On translation and dilation invariant Lebesgue measure: Folland's text

[psie]

TL;DR

I am stuck at a claim made in Theorem 1.21 in Folland's real analysis text on the translation and invariant Lebesgue measure on $\mathbb R$.

Let $m$ be Lebesgue measure and $\mathcal L$ the Lebesgue $\sigma$-algebra (the complete $\sigma$-algebra that includes the Borel $\sigma$-algebra). Consider,

Theorem 1.21. If $E\in\mathcal L$, then $E+s\in\mathcal L$ and $rE\in \mathcal L$ for all $s,r\in \mathbb R$. Moreover, $m(E+s)=m(E)$ and $m(rE)=|r|m(E)$.

Folland starts off by saying that the collection of open intervals is invariant under translations and dilations, so the same is true for $\mathcal B_\mathbb{R}$. I understand that claim; basically consider $\mathcal B'=\{E\in\mathcal B_\mathbb{R}:E+t\in\mathcal B_\mathbb{R},t\in\mathbb R\}$ and show it's a $\sigma$-algebra that contains all the open intervals and hence $\mathcal B_\mathbb{R}$, and by definition, $\mathcal B'\subset \mathcal B_\mathbb{R}$. So $\mathcal B'=\mathcal B_\mathbb{R}$. Same for dilations.
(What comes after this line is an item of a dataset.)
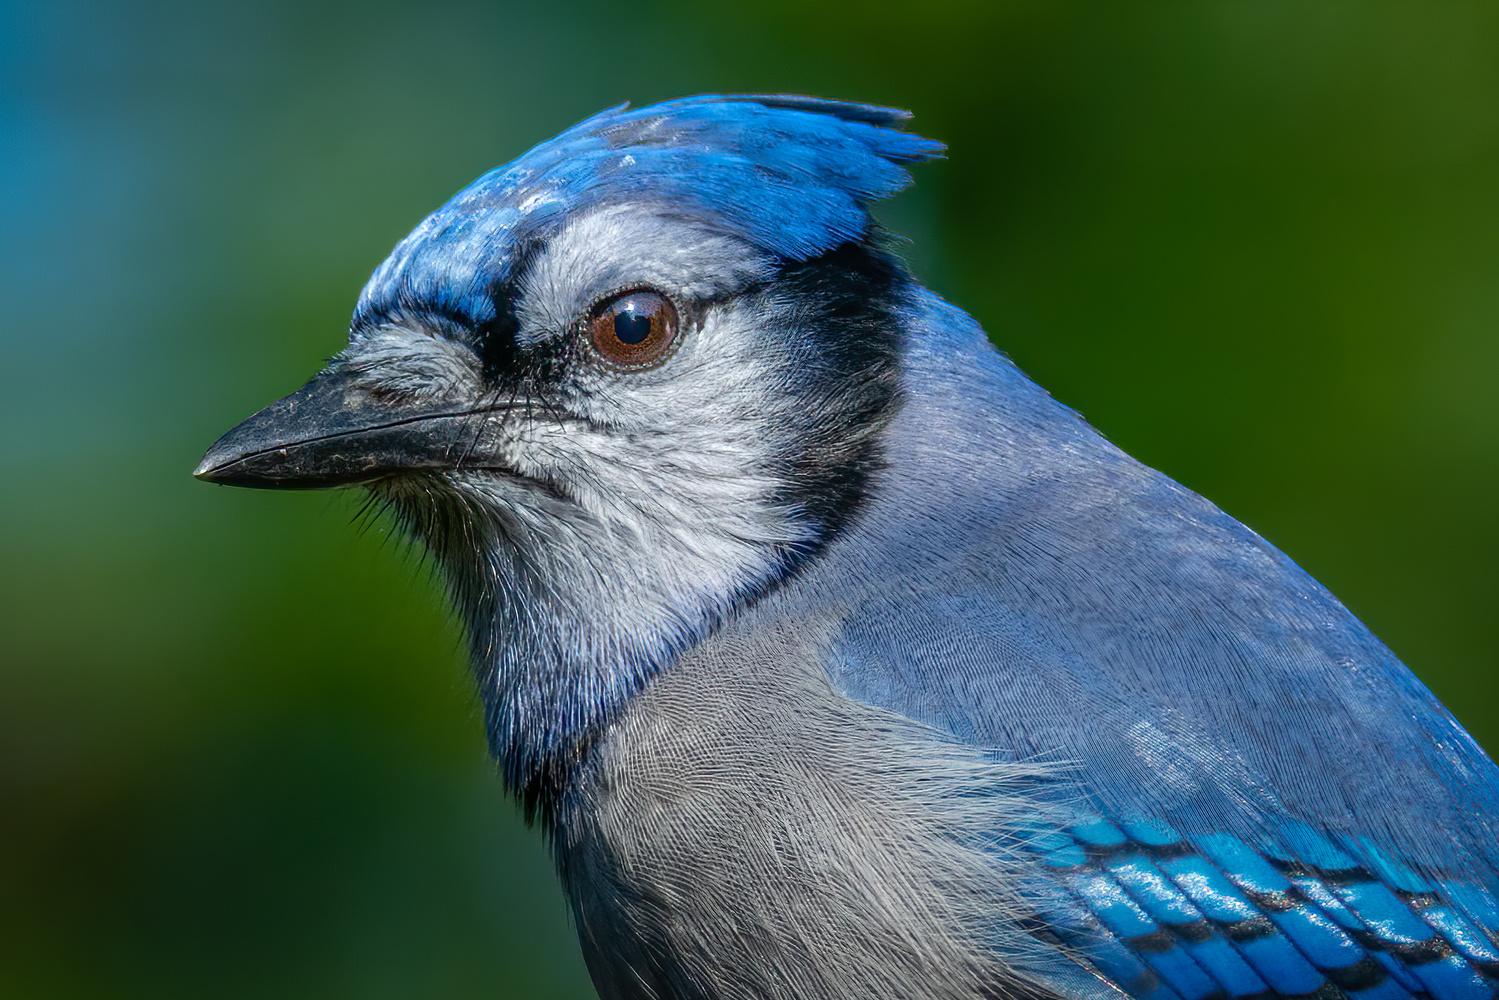 Blue Jay by Jim Elve

However, then he goes on to say that if we let $m_s(E)=m(E+s)$ and $m^r(E)=m(rE)$ for $E\in \mathcal B_\mathbb{R}$, then they "clearly" agree with $m$ and $|r|m$ on finite unions of intervals. This claim I don't understand. If we define $\phi_t(x)=x+t$ as the translation by $t$, and if $A$ is a finite union of intervals, then $$\phi_t(A)=\phi_t\left(\bigcup_{n=1}^N E_n\right) = \bigcup_{n=1}^N \phi_t(E_n).$$ But how do I show $m_s(A)=m(A)$? The thing that's confusing me is that up until now, he has only talked about finite disjoint union of h-intervals, where an h-interval is a set of the form $(a,b]$, $(a,\infty)$ or $\varnothing$ for $-\infty\leq a<b<\infty$. I'm sure his statement is correct as it stands, but I don't know how to show $m_s(A)=m(A)$.

 

[pasmith]

What's the measure of (a,b] + s = (a + s, b+ s]?
What's the measure of r(a,b] = \begin{cases}<br /> (ra, rb] &amp; r &gt; 0 \\<br /> (0,0] &amp; r = 0 \\<br /> [rb, ra) &amp; r &lt; 0 \end{cases}

 

[psie]

Thanks @pasmith! I'll just add this here as an answer to my question.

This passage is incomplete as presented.